The film is pretty decent overall; it is successful in its cinematography and editing, it looks good and the atmosphere of Larsson’s trilogy is set well. In addition, the performances are commendable, especially Noomi Rapace as Lisbeth Salander, and boxer Paolo Roberto playing himself. However, there are several aspects of the film’s plot which stray from the book; while some are due to the compacting of Larsson’s expansive story into 130 minutes, others are not as understandable and may distract book fans from the movie’s plight. The following information may contain spoilers.

  1. The film features very little from the first two parts of the book, but as those sections had little to do with the main plot, and were more focused on Lisbeth’s travelling and return to Sweden, this is understandable. While it would have been nice to visualise everything Larrson wrote, it is simply impossible to fit everything in, and unrelated parts, no matter how interesting, are usually sacrificed in adaptations.
  2. For similar reasons, the audience is unable to get to know Dag and Mia, whilst they are featured predominantly in the early sections of the book.
  3. Unfortunately, there is little focus on Lisbeth’s hacking; while the film does portray Salander hacking into and observing the computers of Blomkvist, her guardian Bjurman and others, her skill takes a back seat and the film ultimately suffers from it.

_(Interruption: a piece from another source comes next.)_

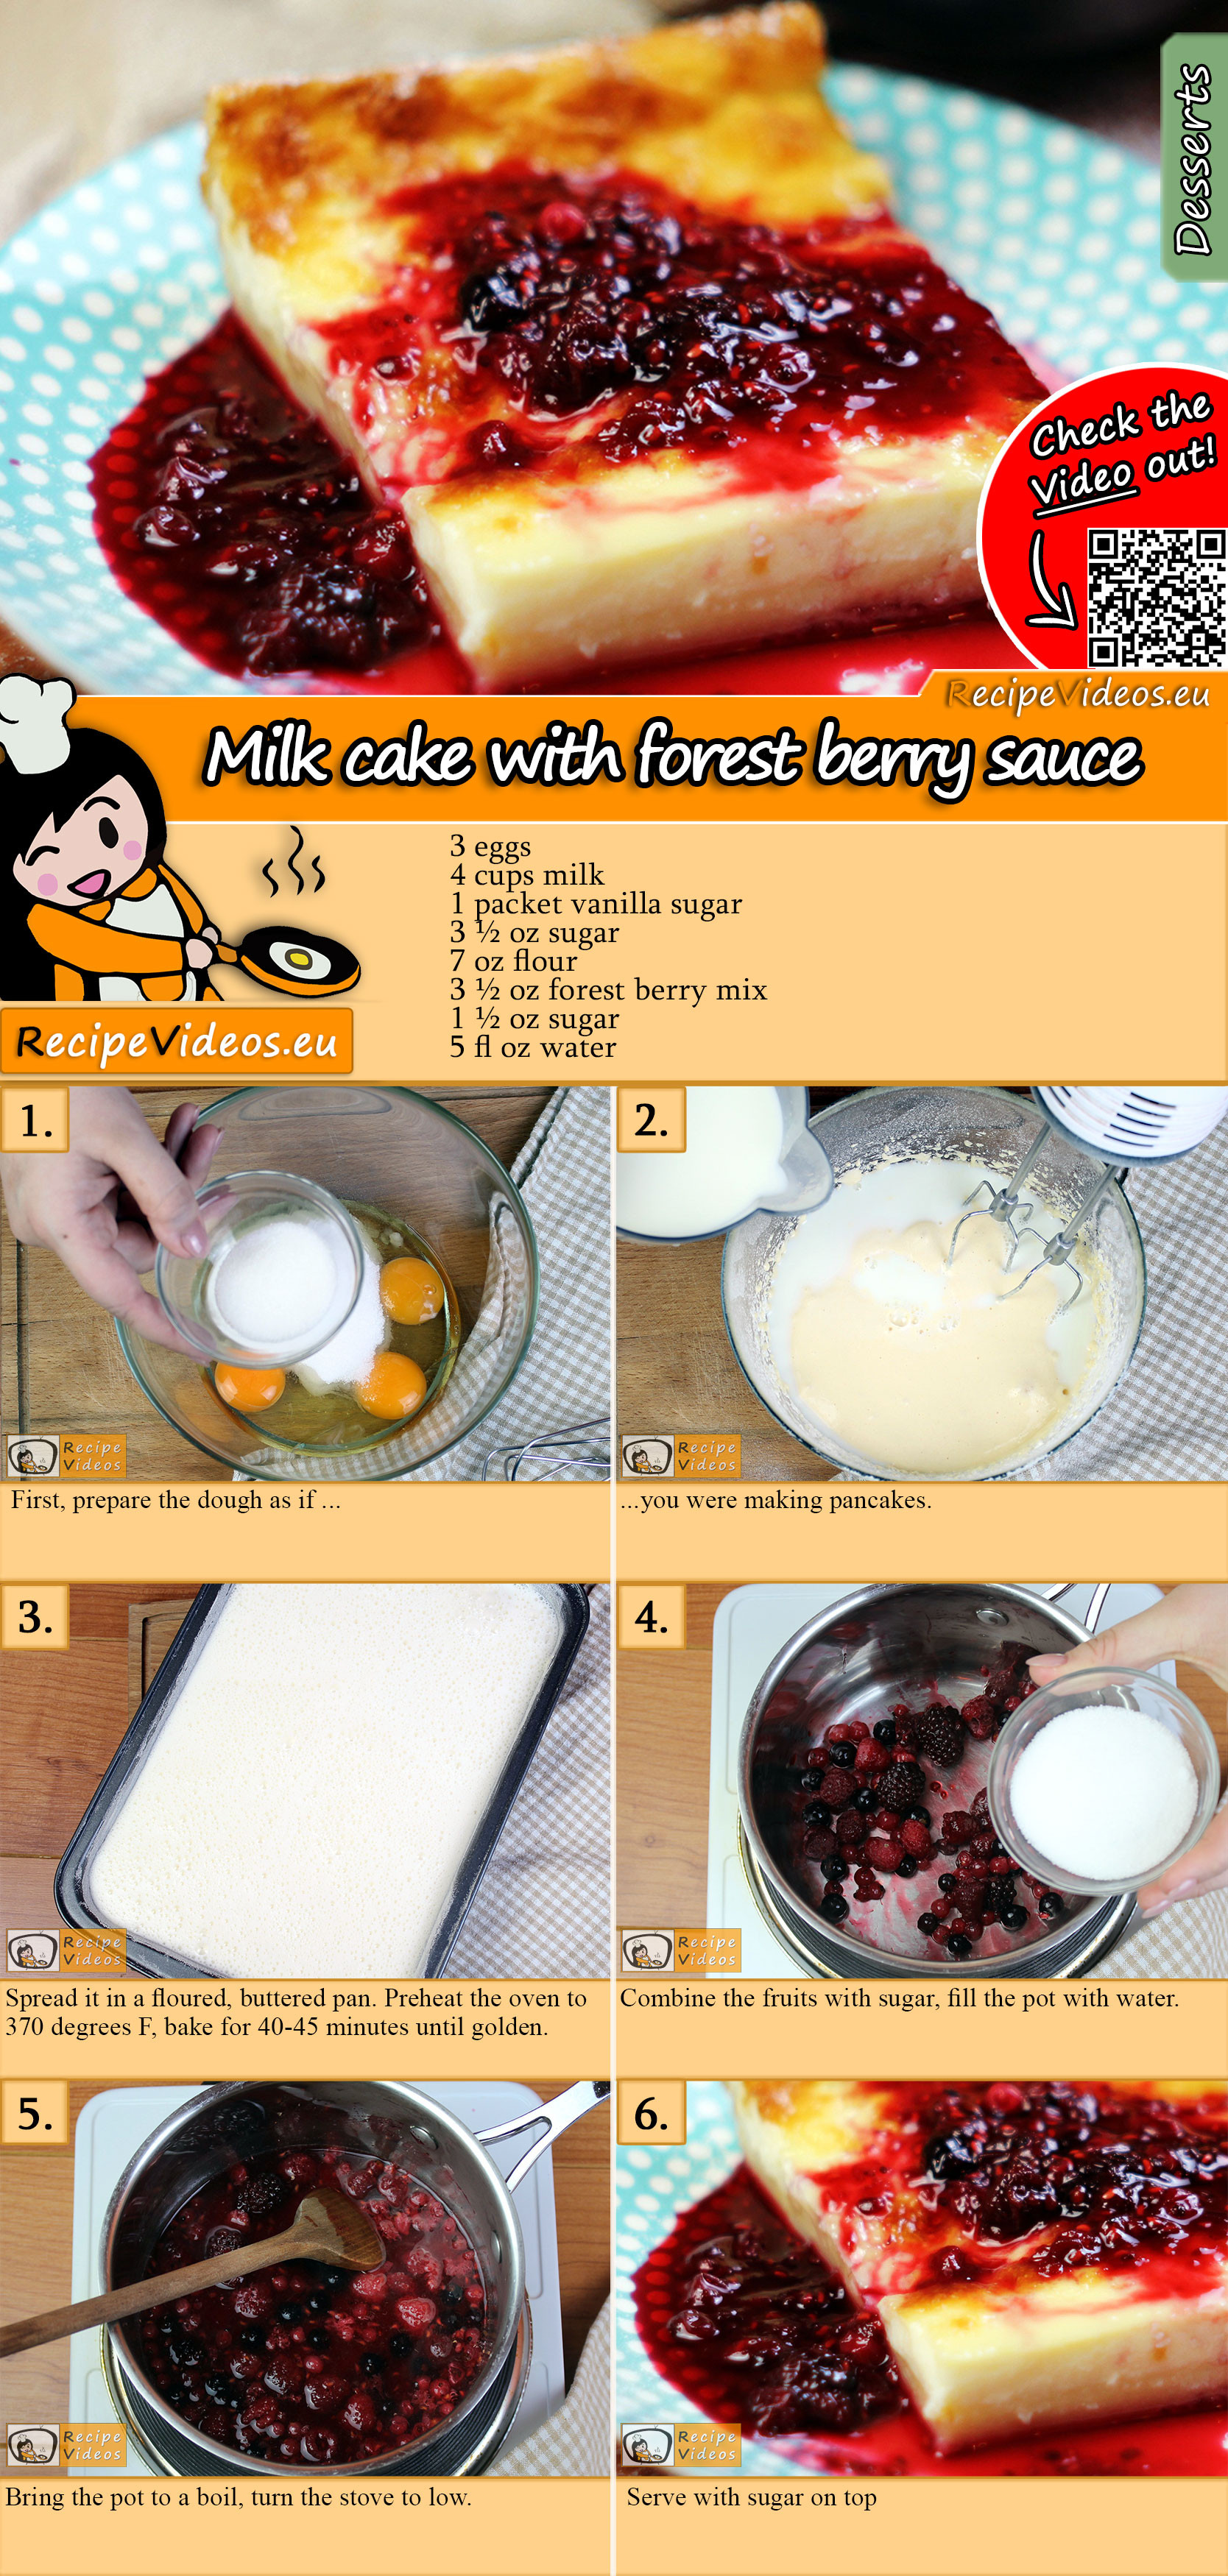 Milk cake with forest berry sauce recipe with video

Lisbeth is very skilled at researching and hacking and she uses it extensively in the book, the omission in the film just undermines her intelligence and talent.
  4. As for Lisbeth, she is way too forward and willing to communicate in the adaptation; Larsson’s Lisbeth is stubborn, she will not do anything she does not want to do, even if it is for her own good. Salander is very cryptic, and because of this, Blomkvist is left pondering over her innocence for most of the book, whereas in the film she tells him pretty much straight away that she did not commit the murders. This arguably betrays the character of the extremely stubborn and socially awkward Lisbeth, and while some may not mind the slight change in personality, which may have been used to quicken the pace of the plot, Salander does seem very different.
  5. Another slightly concerning change is the absence of police; they are rarely seen, appear to be doing very little and are portrayed as idiots. While some police officers in the book are sexist pigs, convinced that Lisbeth is simply a psychotic ‘whore’ who went on a murderous rampage, there are two officers, Jan Bublanski and Sonja Modig, who are fair, respectable and simply looking for the truth. In the film Mikael dismisses them as useless, and they are never fully developed past their original suspicions of Salander’s involvement in the murders. The film fails to portray their important roles in the investigation, and instead, leaves it up to Blomkvist to discover the truth.
  6. Mikael Blomkvist is exhausted, shocked and grieving after discovering two of his friends dead in their apartment; he spends the next few weeks juggling responsibilities at his magazine and the investigation, and he is extremely stressed as a result. However, in the film Mikael appears fine, only a tad upset and full of energy, it would have complimented the film to echo Larsson’s realistic and dramatic representation of Blomkvist.
  7. The epic fight scene between Paolo Roberto, Miriam Wu and the Blond Giant is disappointing; the fight is an important part of the book, Paolo follows the Blond Giant, who has just kidnapped Miriam Wu, into a warehouse and a fist fight ensues. The Giant appears to have trained in boxing, but he cannot evade and dodge Paolo’s hits, however, he does not feel a thing. Unable to get the Blond down, Roberto and Wu continue to beat him, but it is a plank of wood to his head that finally knocks him out. In the film, the Giant defeats Roberto and Wu and sets the warehouse on fire; he then leaves not knowing that they have escaped. The choice to completely butcher Larsson’s epic fight and turn it into an underwhelming, Hollywood-inspired case of ‘the bad guy cannot be defeated’ is boring, uninspired and prompts anger among fans of the book.
In Conclusion

The Girl Who Played With Fire is a great book, and it’s adaptation is decent enough; however, it does not handle Stieg Larsson’s expansive amount of information and story as well as it could have.